Dataset content:
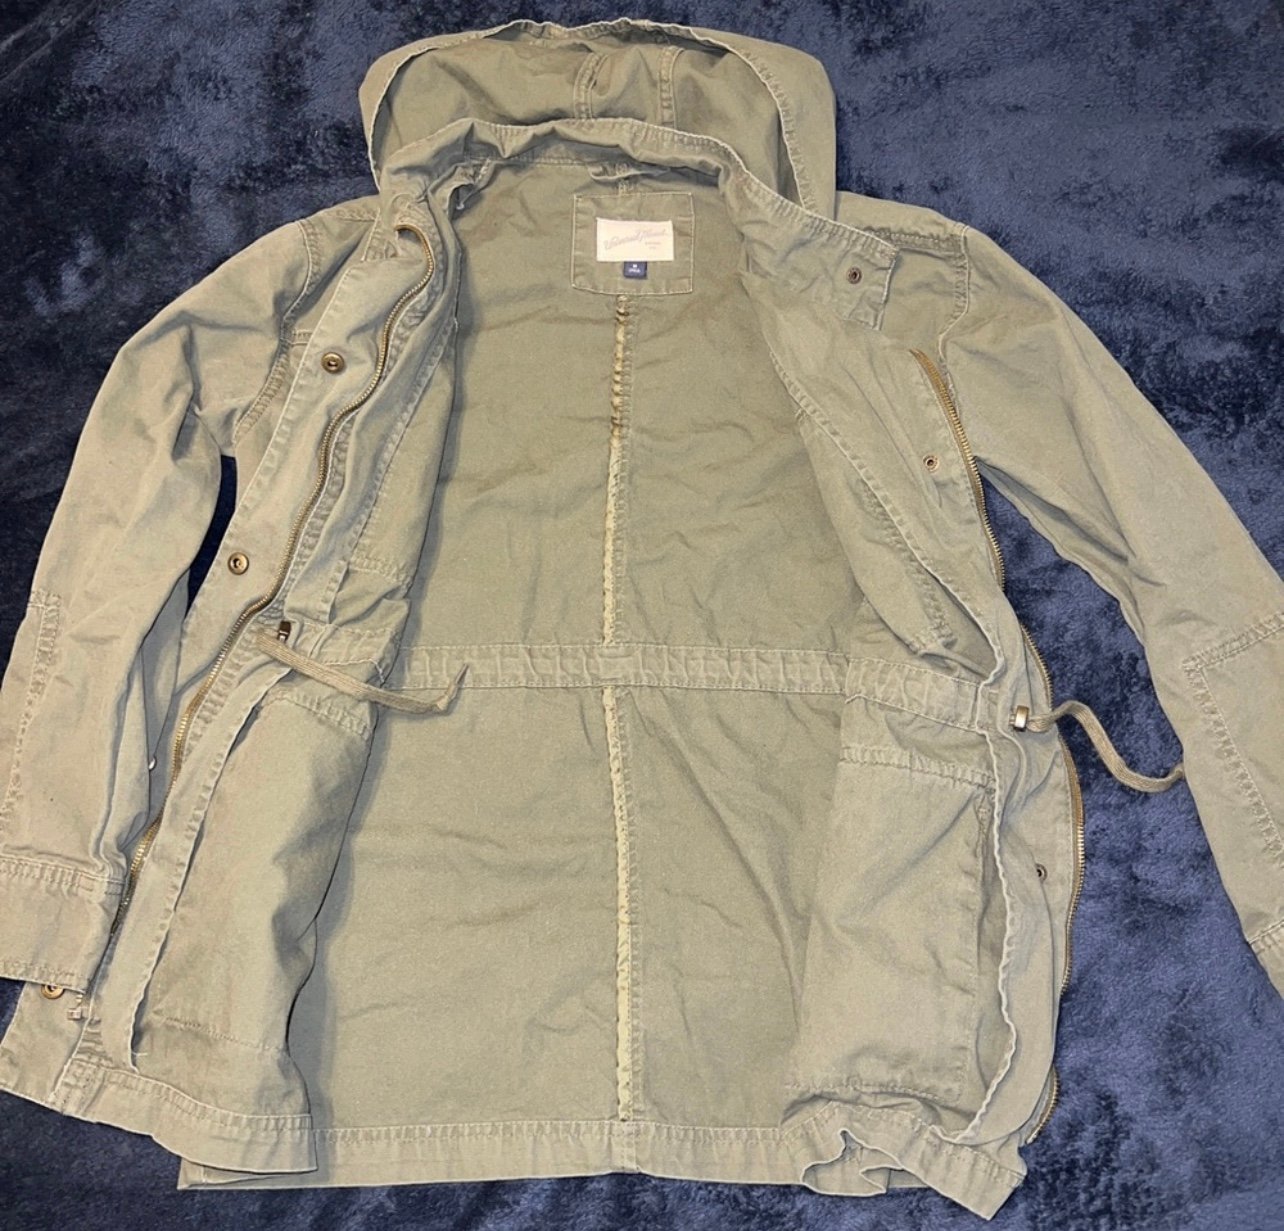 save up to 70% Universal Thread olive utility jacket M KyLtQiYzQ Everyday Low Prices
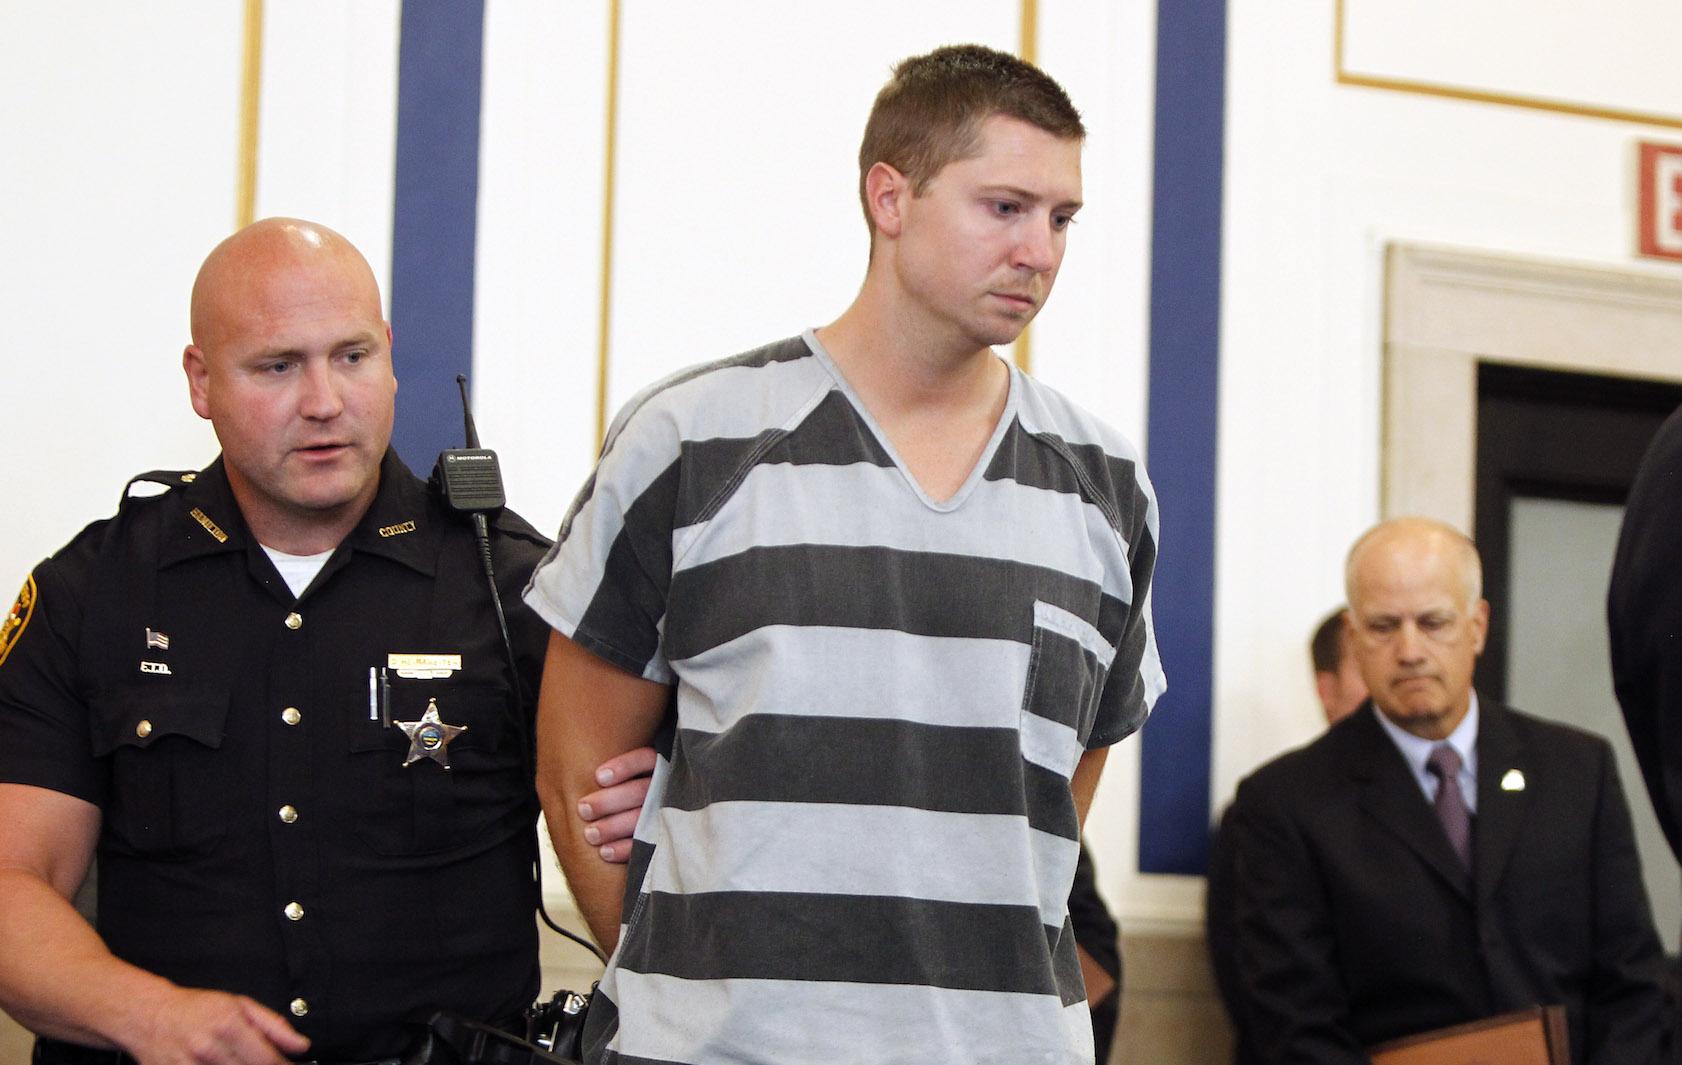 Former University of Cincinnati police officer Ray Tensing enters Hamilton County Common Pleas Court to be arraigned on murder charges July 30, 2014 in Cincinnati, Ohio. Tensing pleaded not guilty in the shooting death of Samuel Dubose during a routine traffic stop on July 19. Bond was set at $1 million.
--
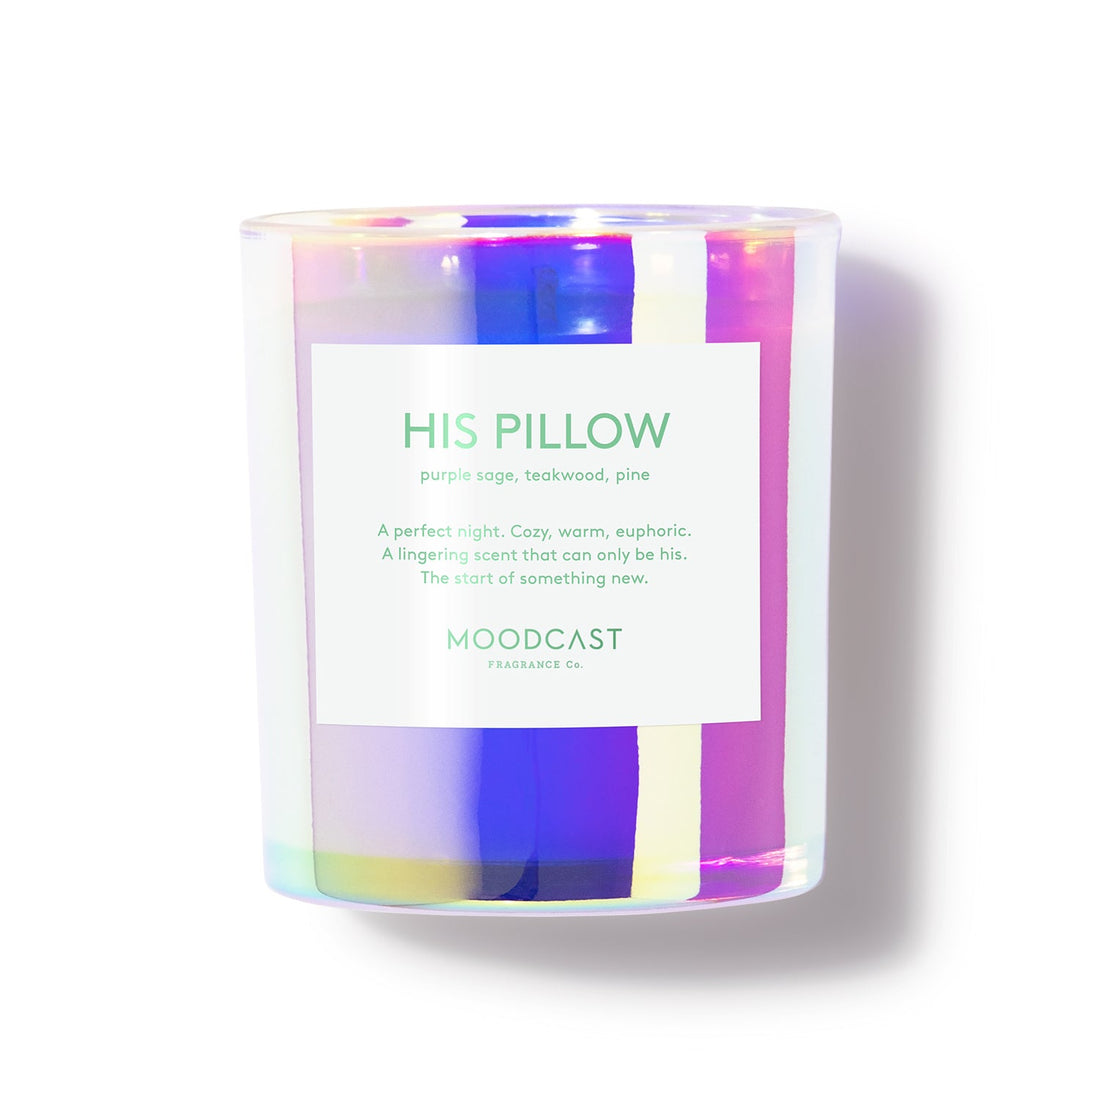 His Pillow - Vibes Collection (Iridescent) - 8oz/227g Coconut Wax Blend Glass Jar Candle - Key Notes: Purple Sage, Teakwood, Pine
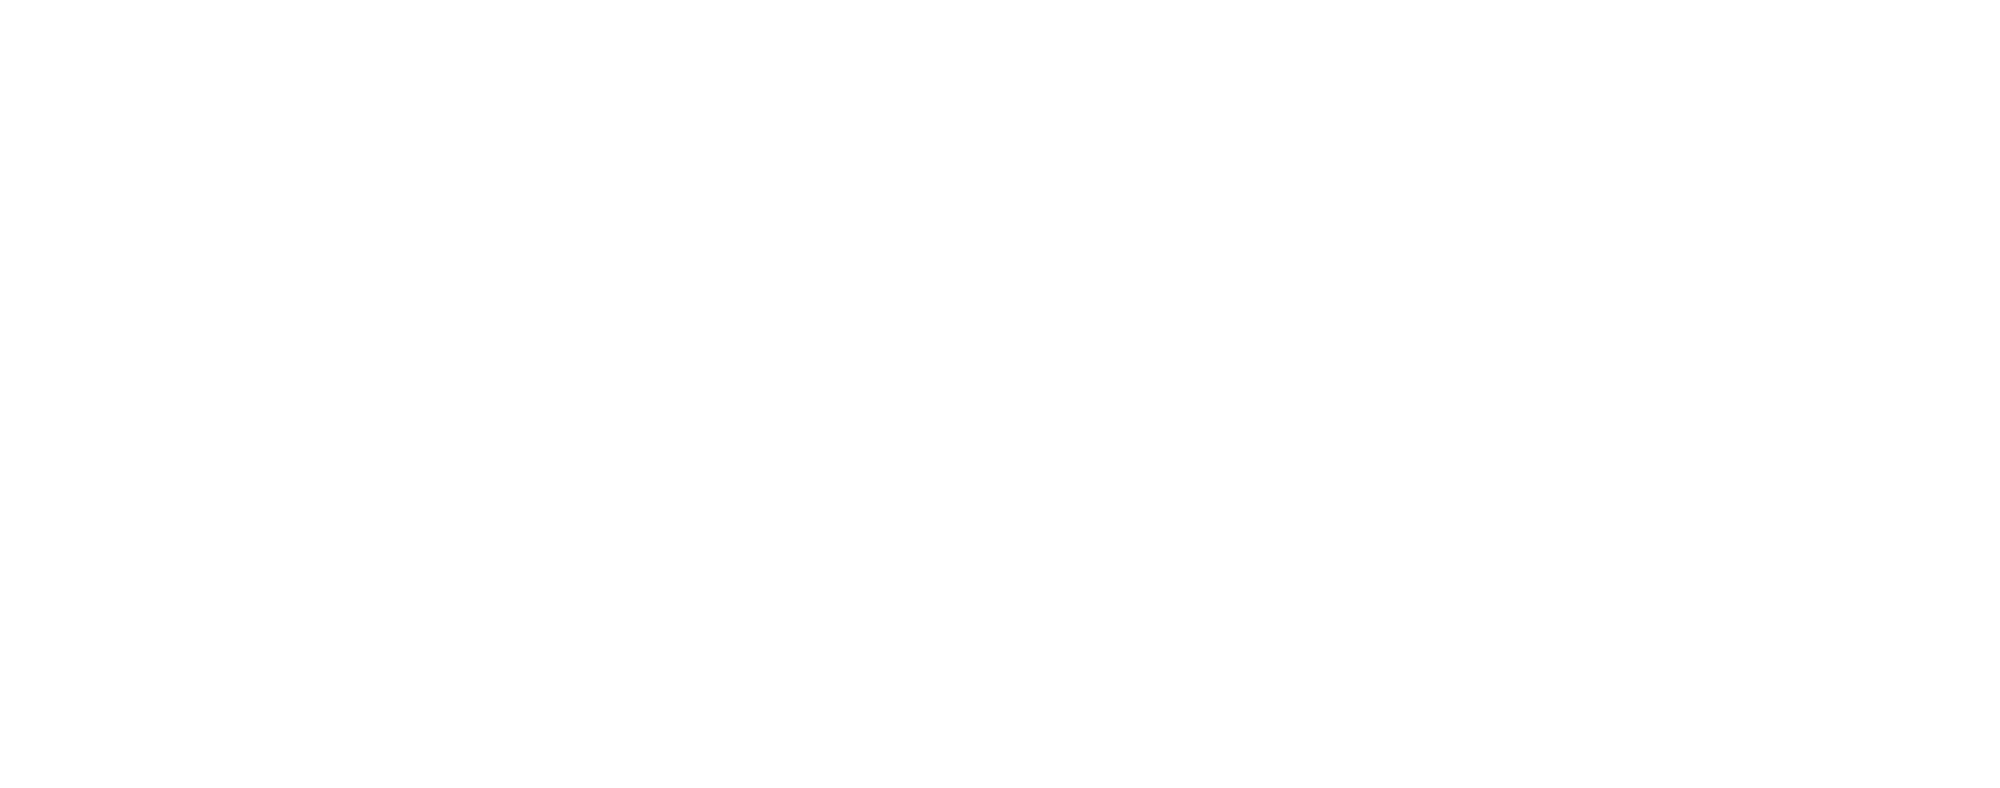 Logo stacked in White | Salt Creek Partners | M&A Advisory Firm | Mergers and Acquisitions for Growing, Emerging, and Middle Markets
--
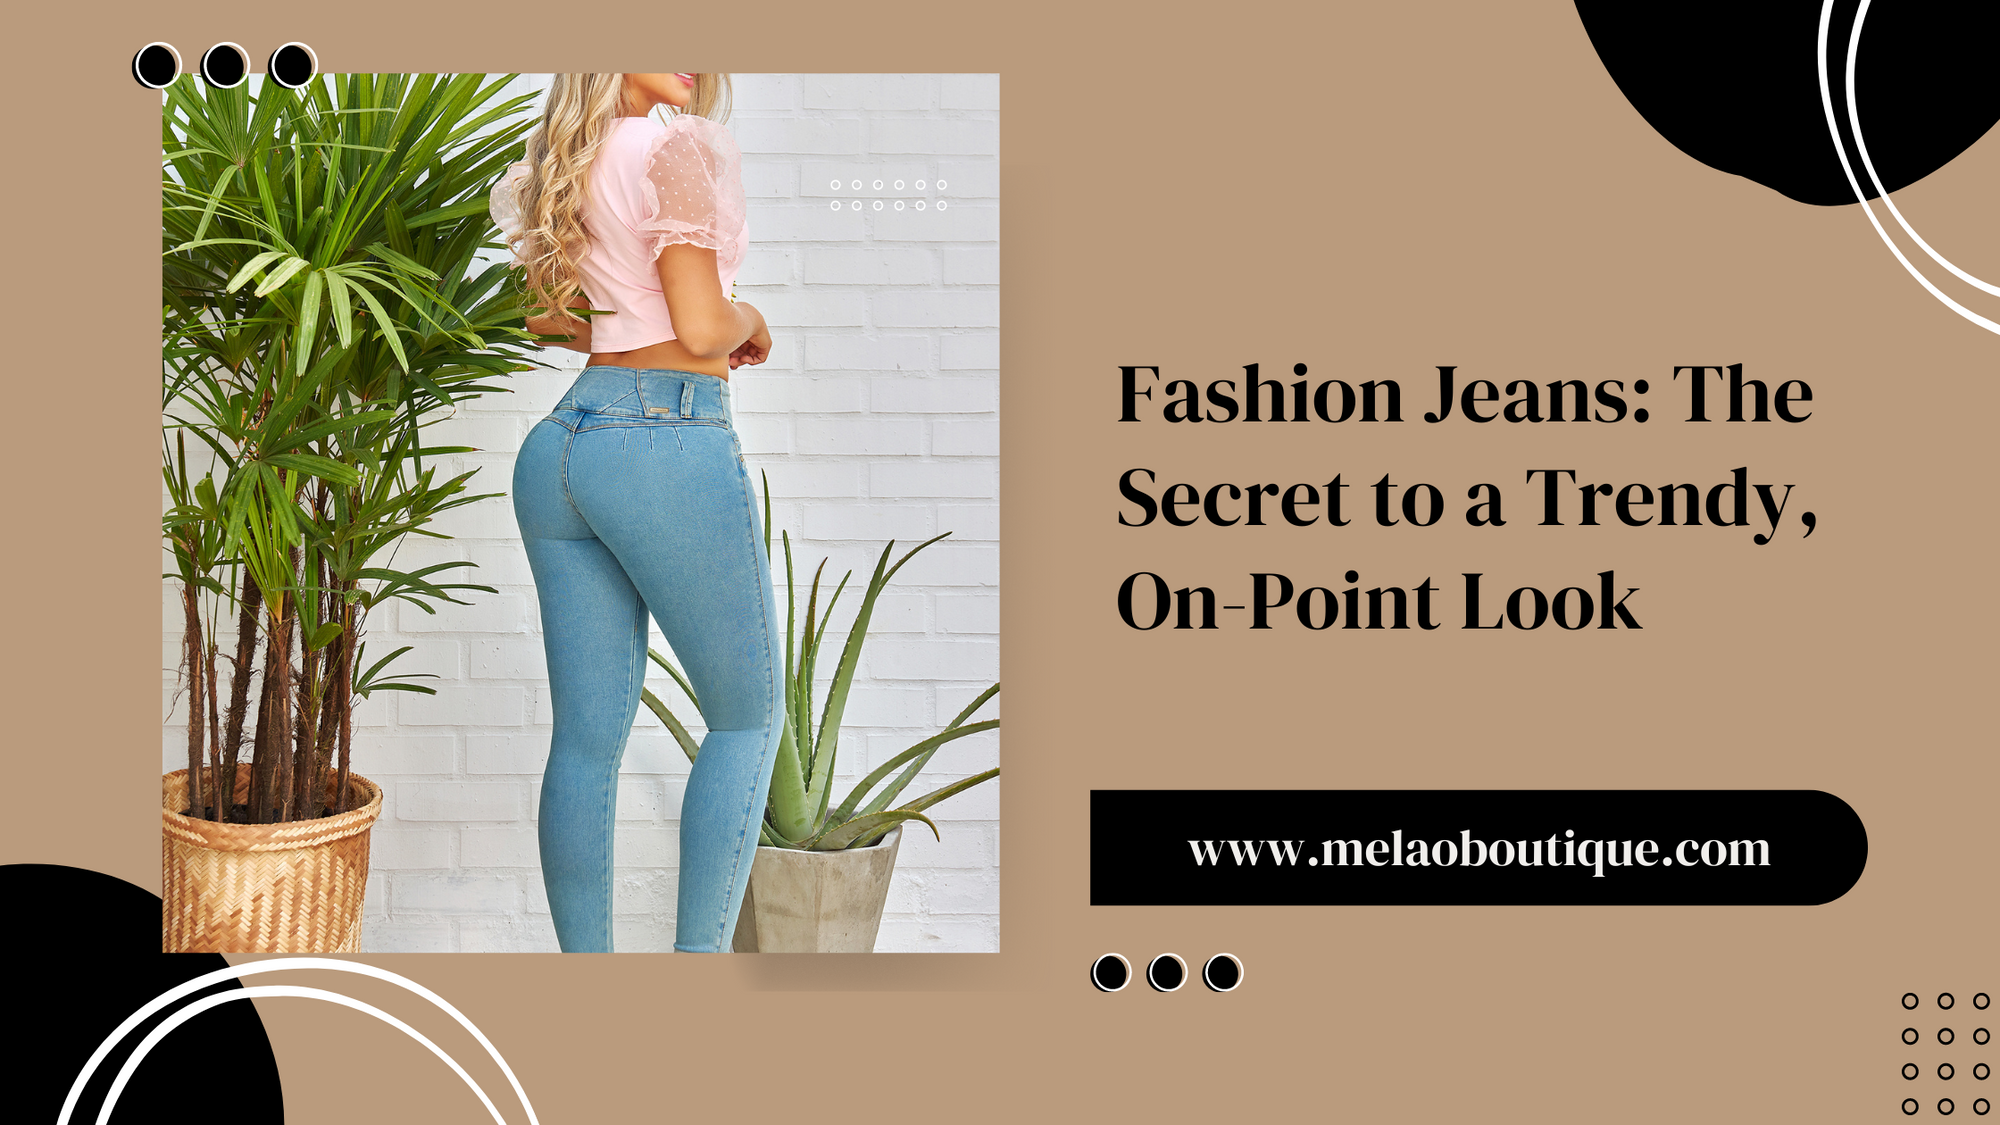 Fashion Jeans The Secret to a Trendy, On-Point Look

Exercise prompt: Starting at the line with "save up to 70%" in the entries above, write out every line exactly until the line with "Former University of" has been written. Include no pictures and nothing more.

Result:
 save up to 70% Universal Thread olive utility jacket M KyLtQiYzQ Everyday Low Prices
 Former University of Cincinnati police officer Ray Tensing enters Hamilton County Common Pleas Court to be arraigned on murder charges July 30, 2014 in Cincinnati, Ohio. Tensing pleaded not guilty in the shooting death of Samuel Dubose during a routine traffic stop on July 19. Bond was set at $1 million.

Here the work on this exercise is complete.